Why have just one kind of snack when you can have four? The built-in compartments in these bento-style containers make it easy to pack multiple munchies without them turning into trail mix. The set of four containers also has a user-friendly (but secure) lid design that children can easily open and close. 

"These make AMAZING personal protein snack packs," one shopper wrote. "I make snacks for the week (for me) that include hard boiled egg, almonds, lunch meat and some cubed cheese. It's great (and cheap) to grab when running out the door. I've already ordered another set."

Reheating, Freezing, and Washing Your Meal Prep Containers

Not all containers have the same rules for reheating, washing, and freezing. "When you're buying containers, it will say on the package how to wash them properly and if they can be frozen," says Koren. The package should also explain which heat methods are safe.
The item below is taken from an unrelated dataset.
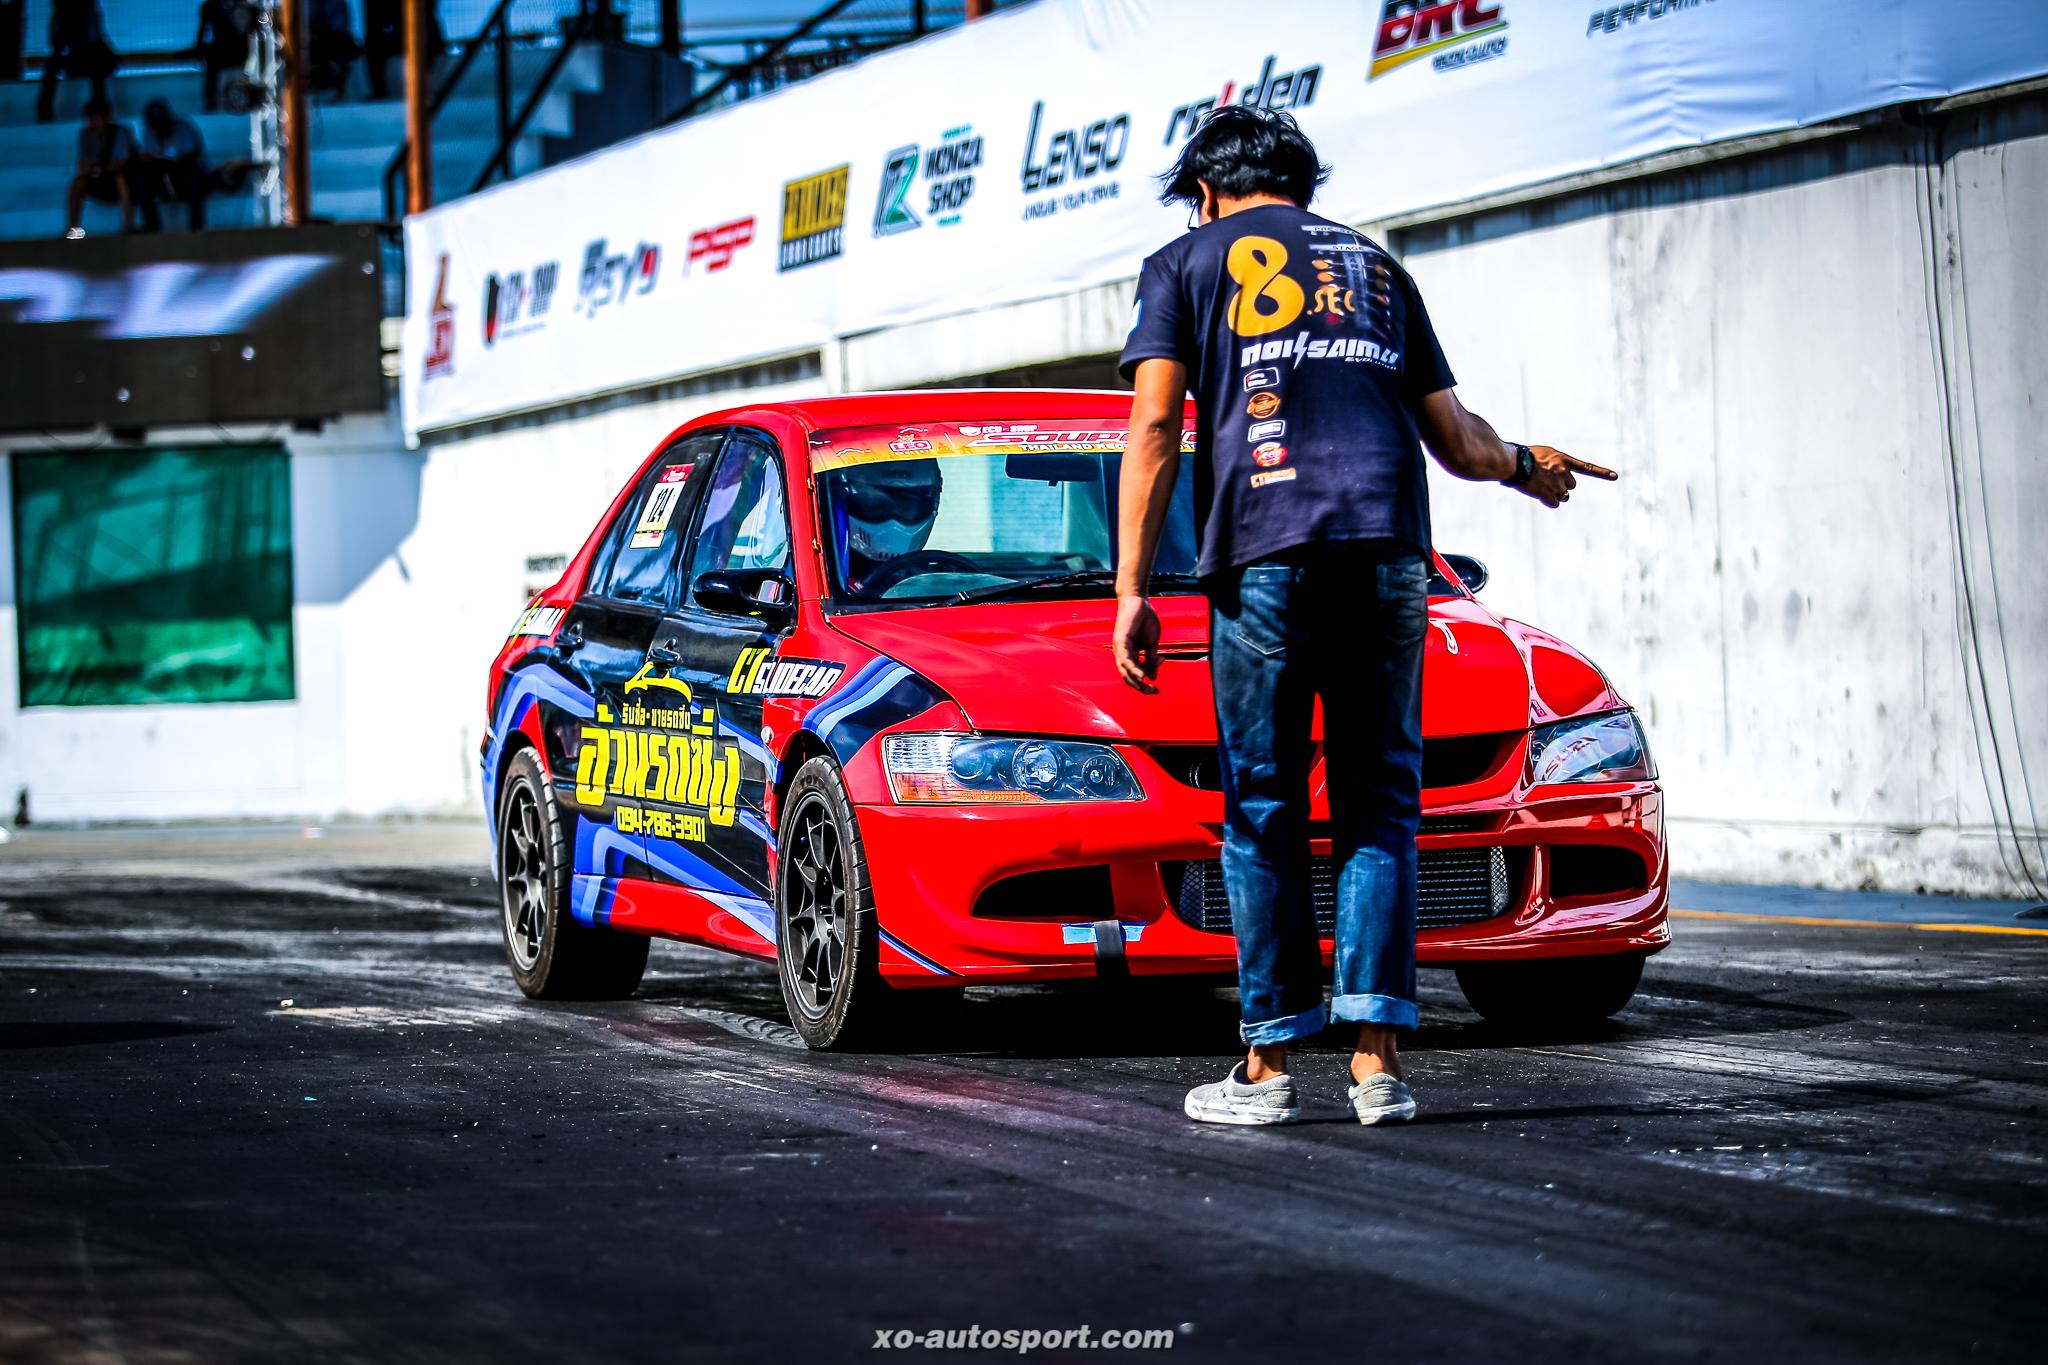 Super 4 4WD Champion 04

In general, most glass and plastic containers can be put in the dishwasher and microwave. "The only time it's not safe to do that is with plastic containers you get from takeout places; they're not microwave- or dishwasher-friendly and they shouldn't be reused to store food." (These types of containers aren't meant for reuse, so they aren't made according to the same safety standards as reusable plastic containers.)